Size bir anımı anlatayım. Bir gün dersimi anlattım, zil çaldı, tam sınıftan çıkmak üzereyim. Bir öğrenci yanıma geldi ve " Oh hocam hayat size güzel." dedi. Bir an afalladım, sonra neden birdenbire böyle bir şey söylediğini sordum ve bana üzerimdekilerin markasını tek tek saymaya başladı. İşte şalınız şuradan, ayakkabınız şuradan, telefonunuz şuradan, çantanız şuradan gibisinden saydı saydı durdu. Şok oldum arkadaşlar, bir an kal geldi. Kısa bir duraklamanın ardından "Ölüler de sanıyor ki diriler her gün helva yiyor." dedim. Artık ne anladıysa o laftan. Ve bunlar bana söylendiği gün gerçekten bir türlü halledemediğim bir işin ağırlığı altında ezilip durduğum için aşırı mutsuzdum. Bu mutsuzluğum da uzun zamandan beri devam ediyordu ve uzun süre de devam etti. Bu kadar mutsuz olduğunuz gün birisi gelip sizi giydiğiniz şeyin markasına göre yargılayıp aşırı mutlu ve gamsız olduğunuzu düşünüyor. Ve bunu da sizin yüzünüze söyleyerek sizi anlamsızca bir suçluluk psikolojisinin içine sokuyor: Ben bunlara ulaşamazken sen ulaşıyorsun gibisinden. Halbuki ben bu aşamaya gelene kadar senelerce aynı kıyafetleri dön dolaş giyen biriydim. Kaldı ki çalışmış kazanmış almışım, kötü mü hissetmeliyim? Her şey göründüğü gibi değil işte. Bu arada ben o öğrencinin yaşındayken marka falan bilmezdim ya, örneğin Converse benim için pazarda satılan bir ayakkabıydı sadece. Toplum olarak geldiğimiz marka takıntısının küçük yaşlara kadar düşmesine mi şaşırayım, öğrencinin beni böyle bir sebepten yargılayışına mı yanayım bilemedim. 

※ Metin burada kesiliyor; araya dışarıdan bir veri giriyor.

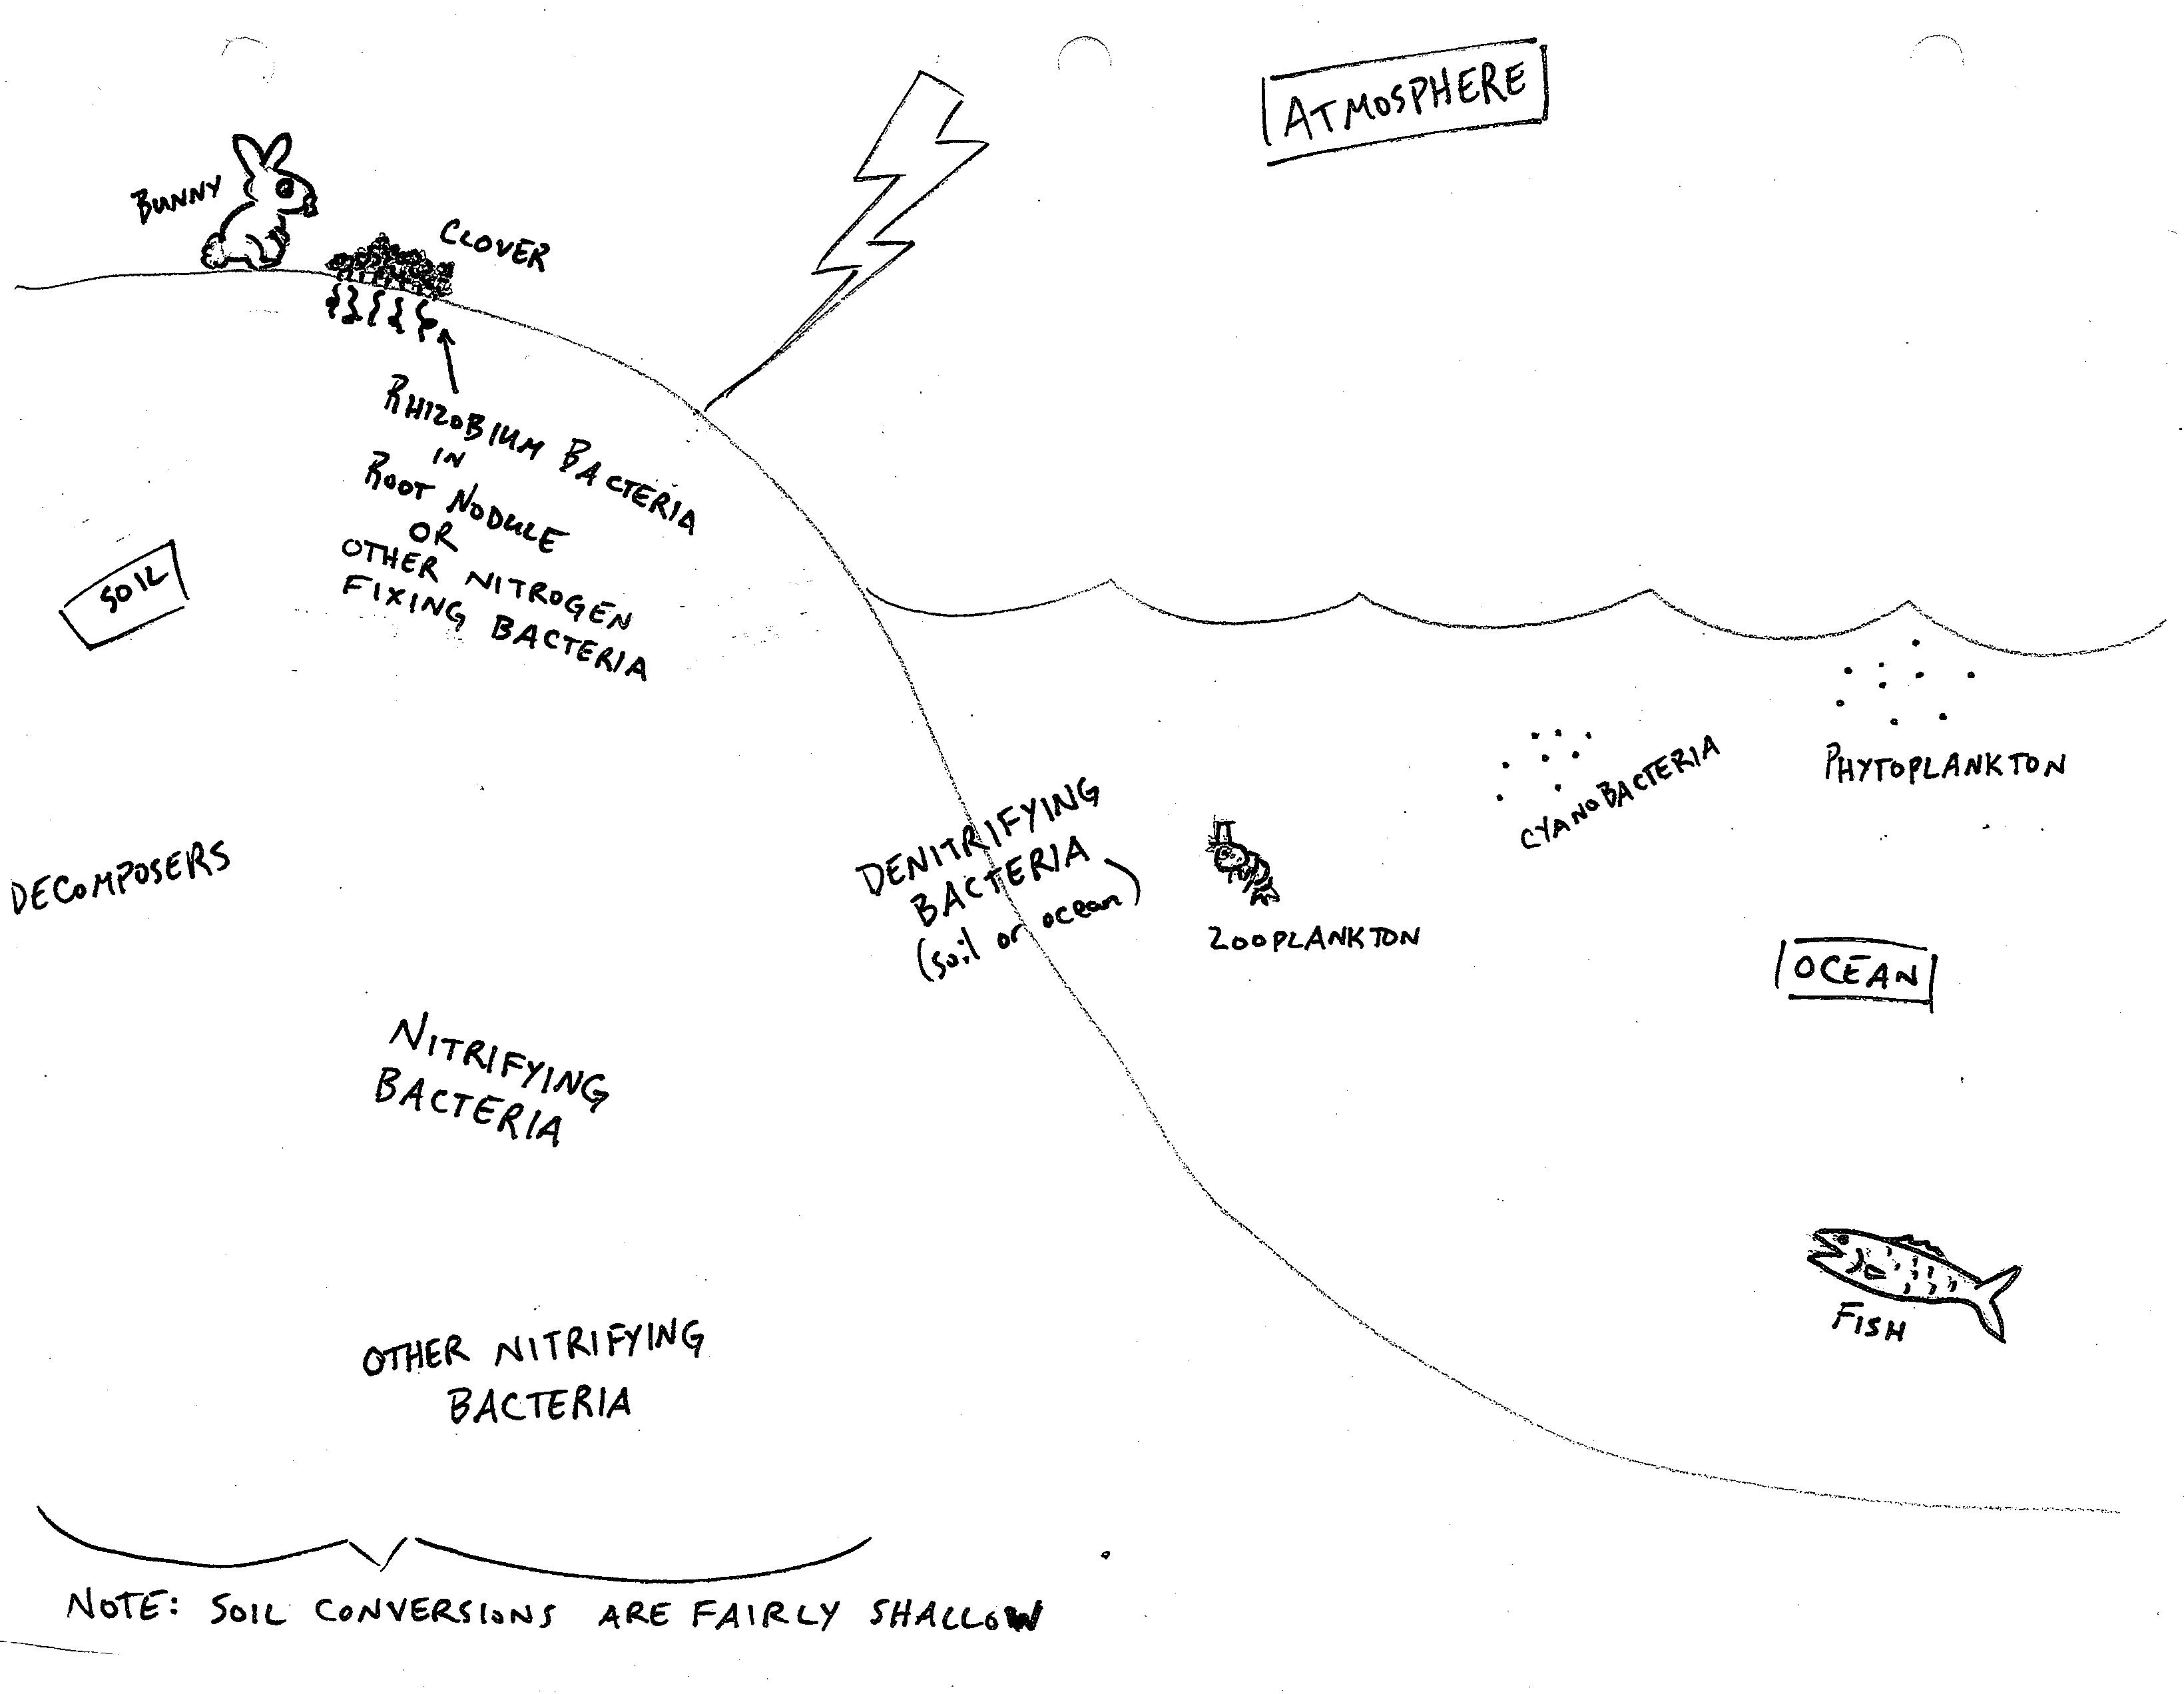 Carbon Cycle Diagram Worksheet | Collis Charles Unit B Fundamentals Of Ecology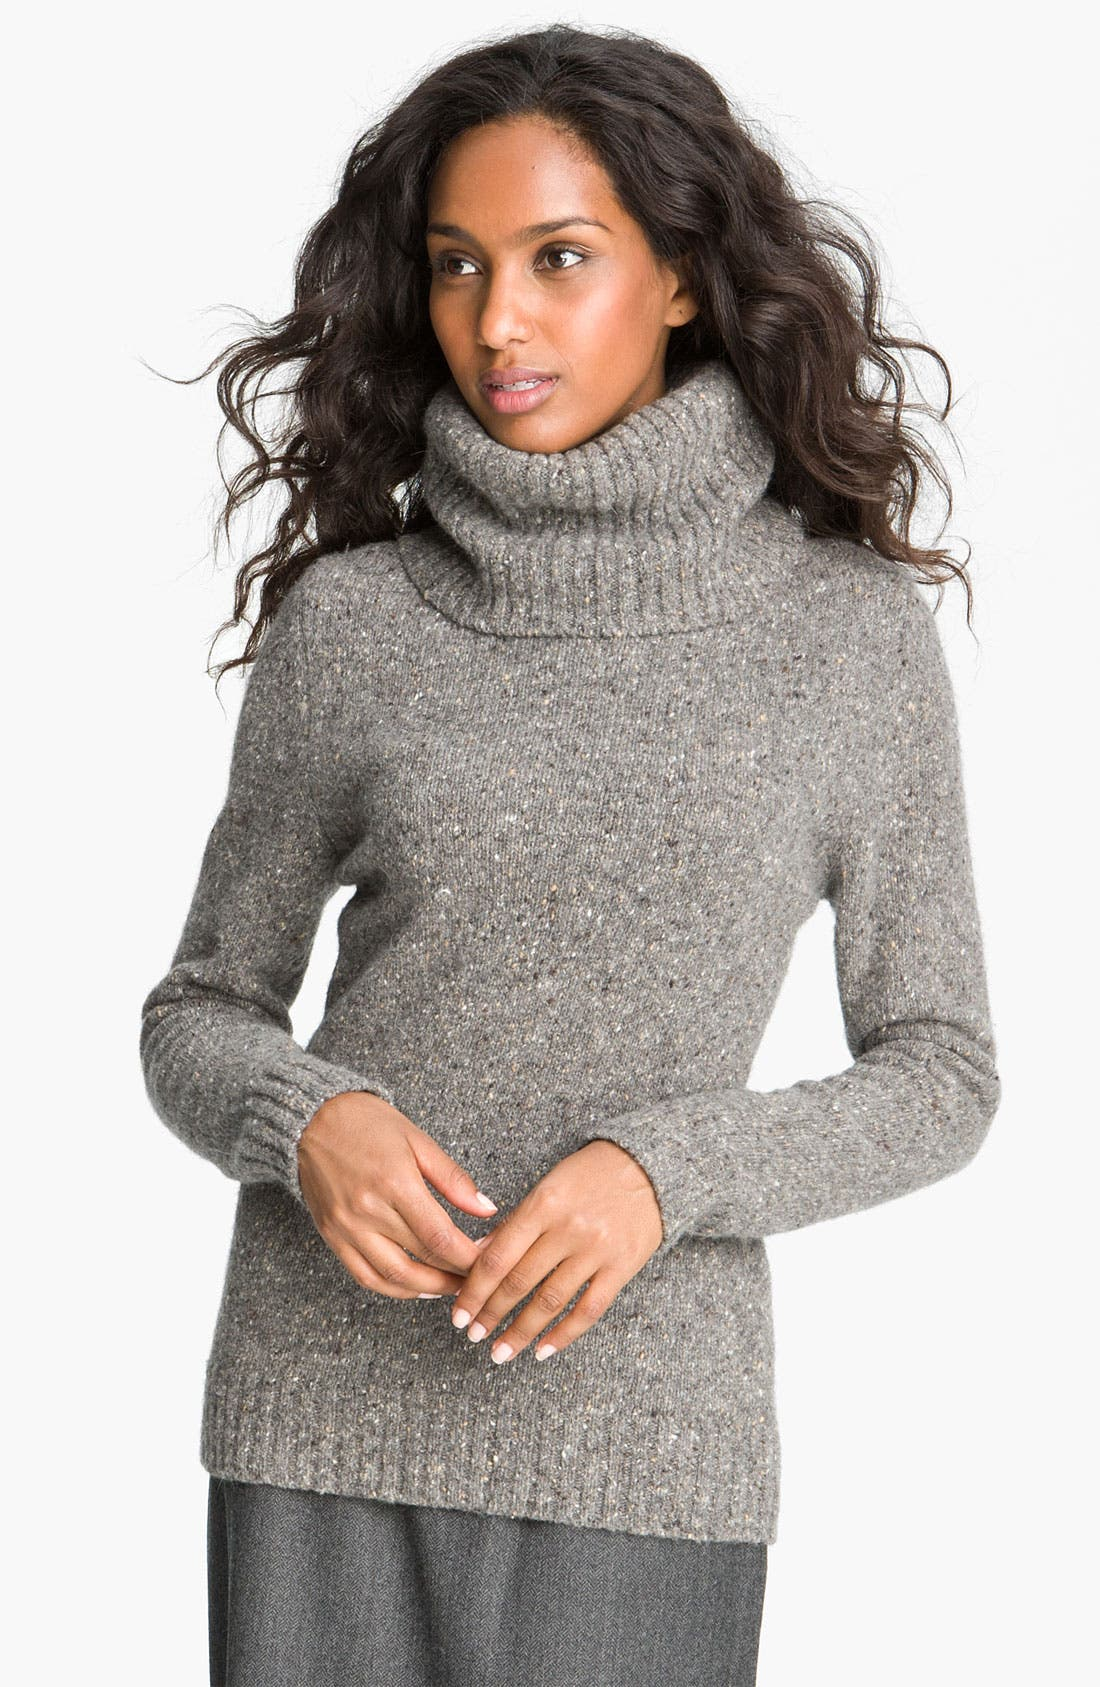 Alternate Image 1 Selected - Weekend Max Mara 'Fontana' Turtleneck Sweater

Kendi adıma konuşacak olursam kendimden yukarıdaki insanlardansa daha aşağıdaki insanlara bakıp şükretmeyi tercih ediyorum. Başkasının hayatına bakıp benim niye bunun yok şunum yok demek yerine "Elhamdülillah" demeyi tercih ediyorum. Tabiki bir insan olarak benim de nefsim var ama aşırılığa kaçtığımı hissettiğim an frenleyip aklıma çok zor koşullarla yaşamını sürdüren insanları getiriyorum. Önceden hayatımın amacının " Mutlu olmak." olduğunu söylerdim ama artık bu amacın ne kadar içi boş bir amaç olduğunu düşünüyorum. Çünkü güzel bir haber aldığımda bile maksimum bir gün mutluluk sarhoşu olabildiğim fark ettim. Sürekli mutlu olmak mümkün değil. Rutin huzurlu bir hayatım olursa ne mutlu bana. 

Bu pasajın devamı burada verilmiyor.